=== Instructions to follow ===
Give an exact transcription limited to the lines from the one with "ATP Atelier - San" through the end of the entries, including both; no pictures belong in it.
-- Opening Marker --
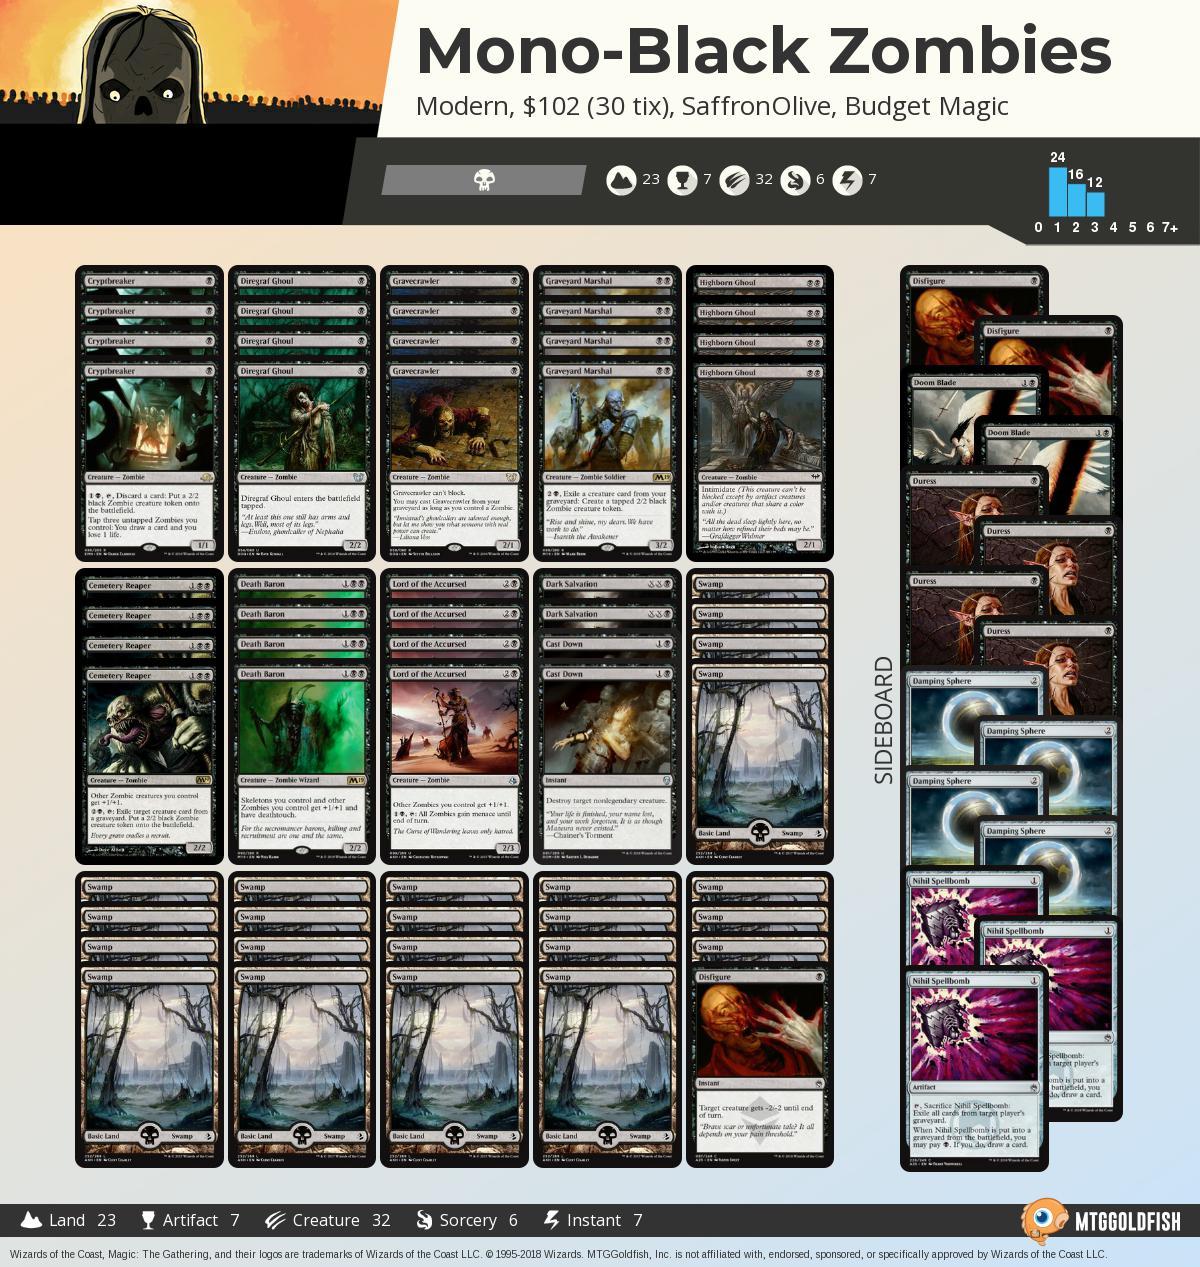 Mono black%2bzombies 53f822c9 b085 4d62 bd37 28b7909800d9%2ejpg
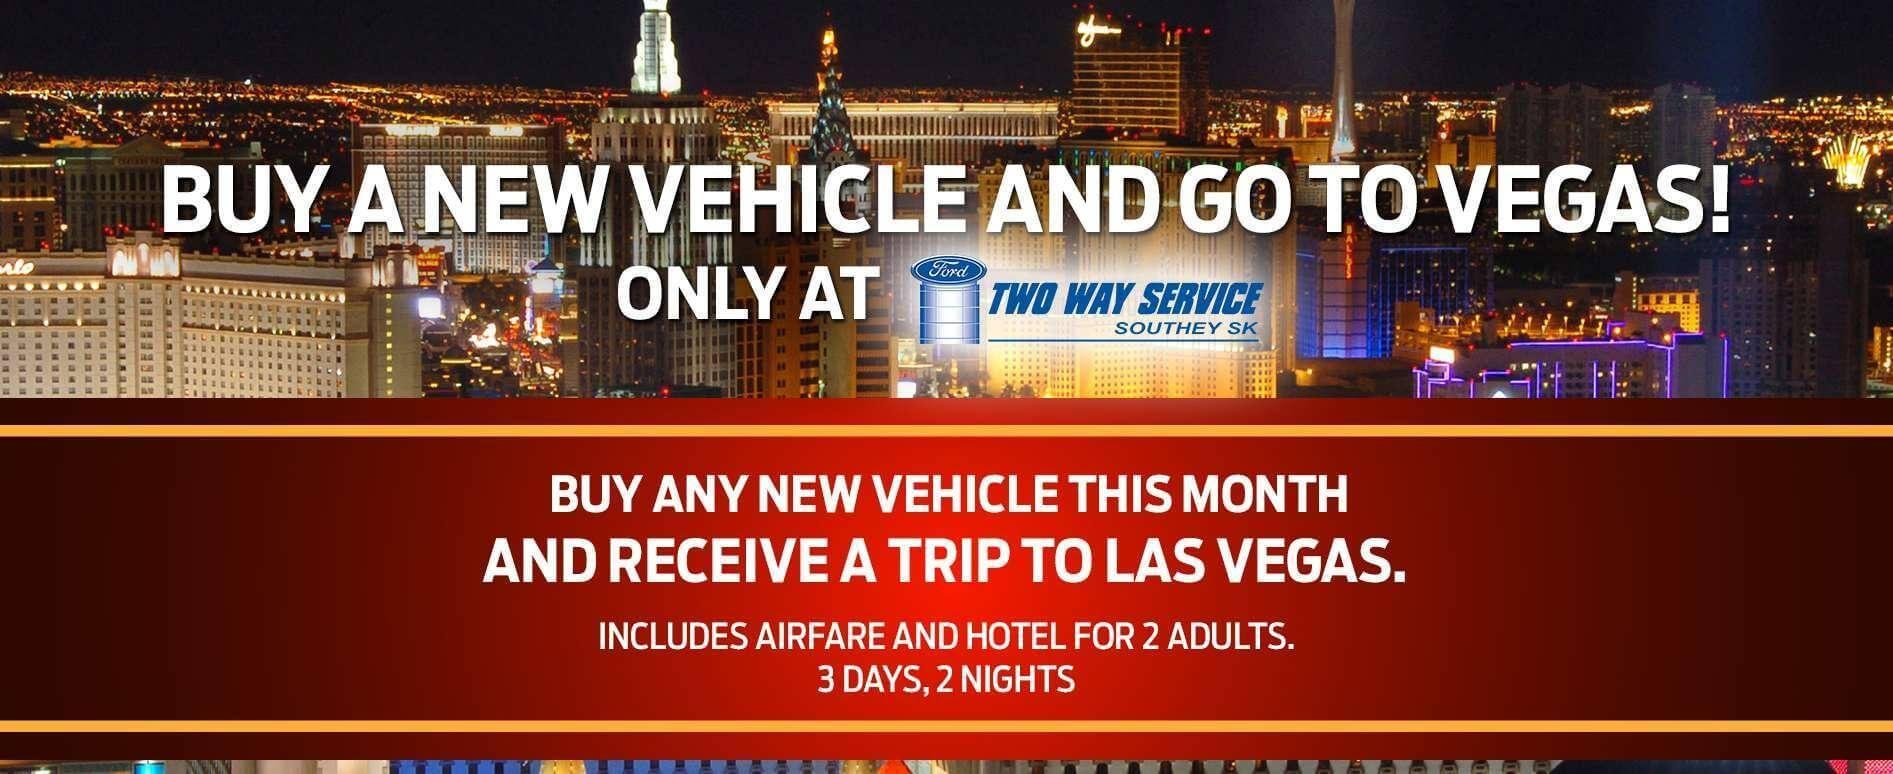 Las Vegas Two Way Service Ford
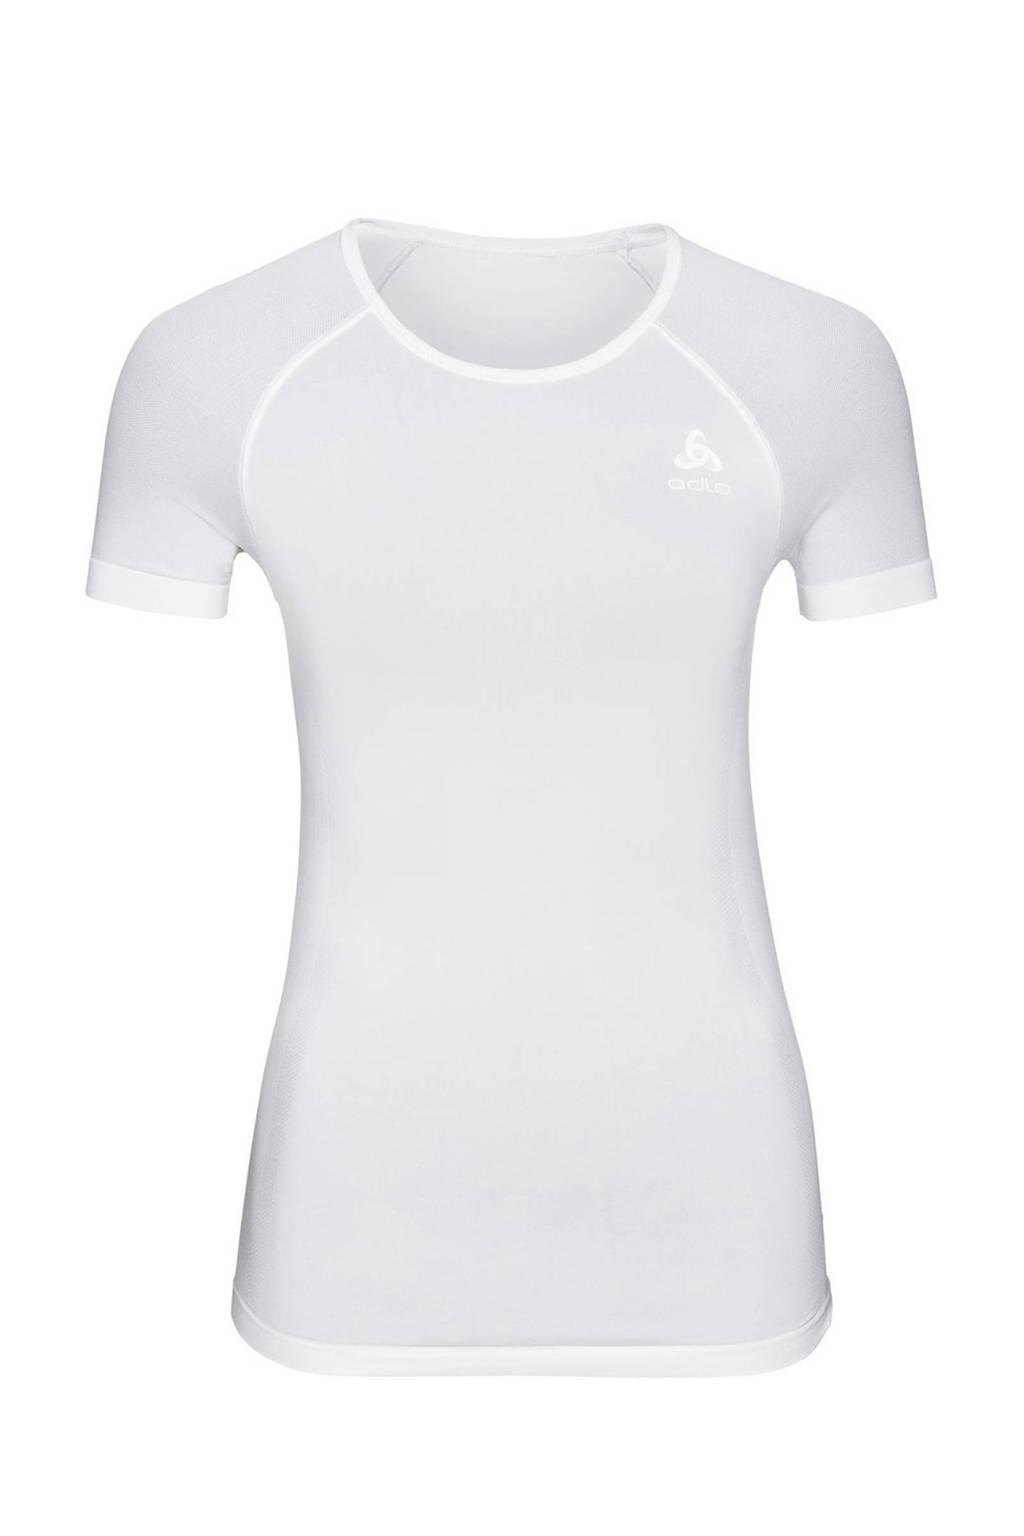 Odlo sport ondershirt wit, Wit
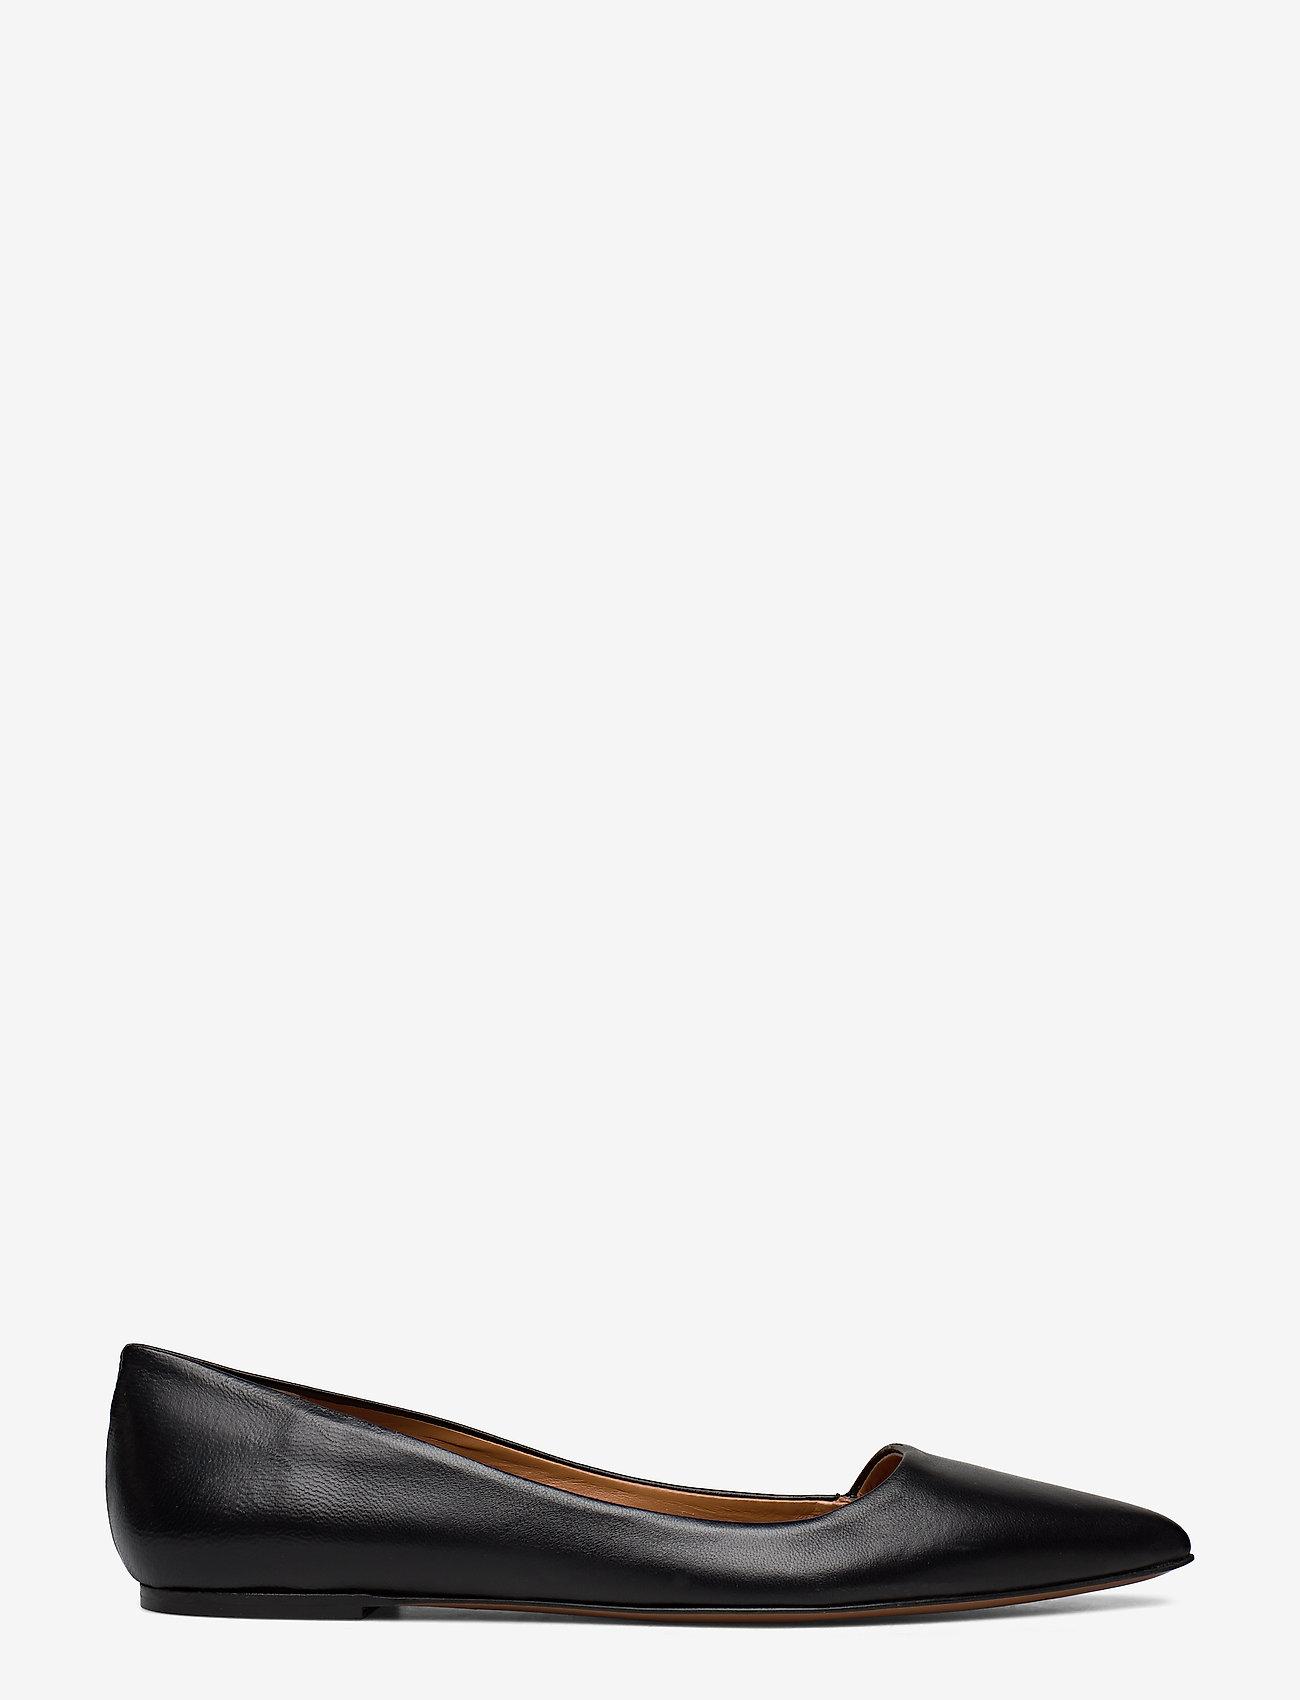 ATP Atelier - San Cataldo Black Nappa - shoes - black - 1
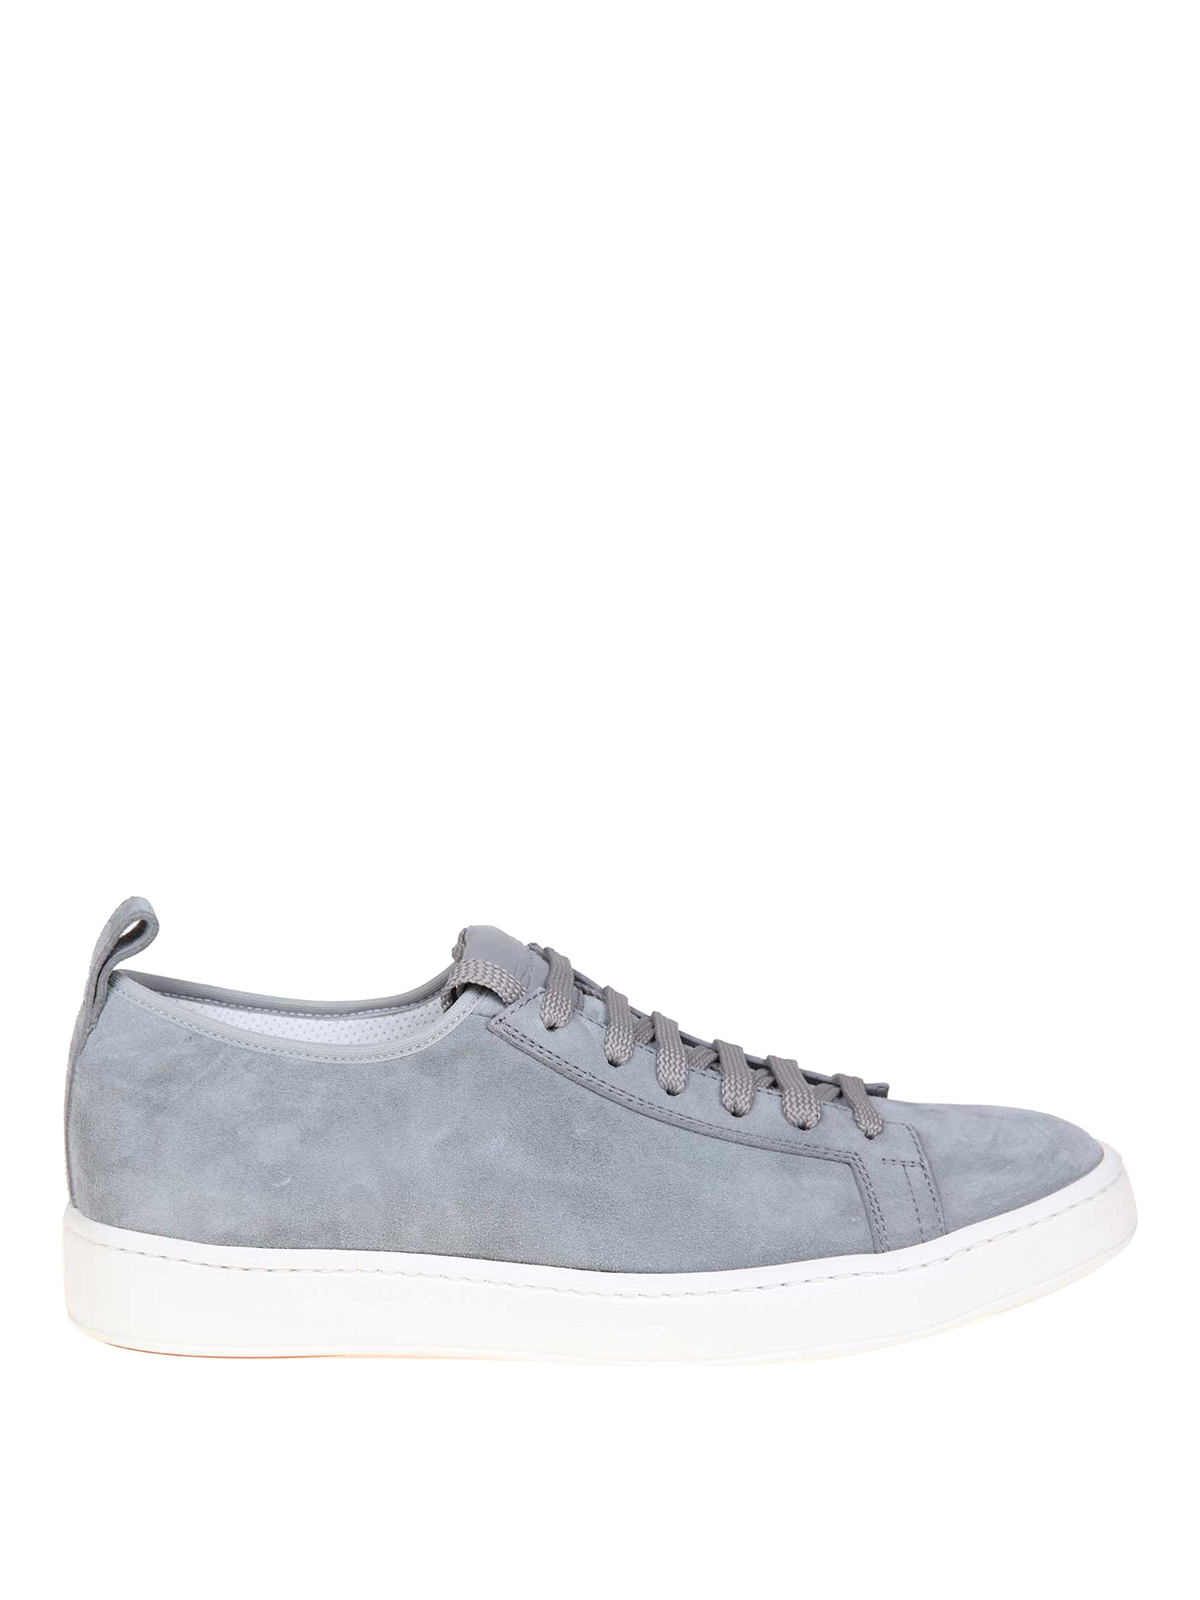 Santoni - Grey suede low top sneakers
-- Closing Marker --
=== Answer to this exercise ===
 ATP Atelier - San Cataldo Black Nappa - shoes - black - 1
 Santoni - Grey suede low top sneakers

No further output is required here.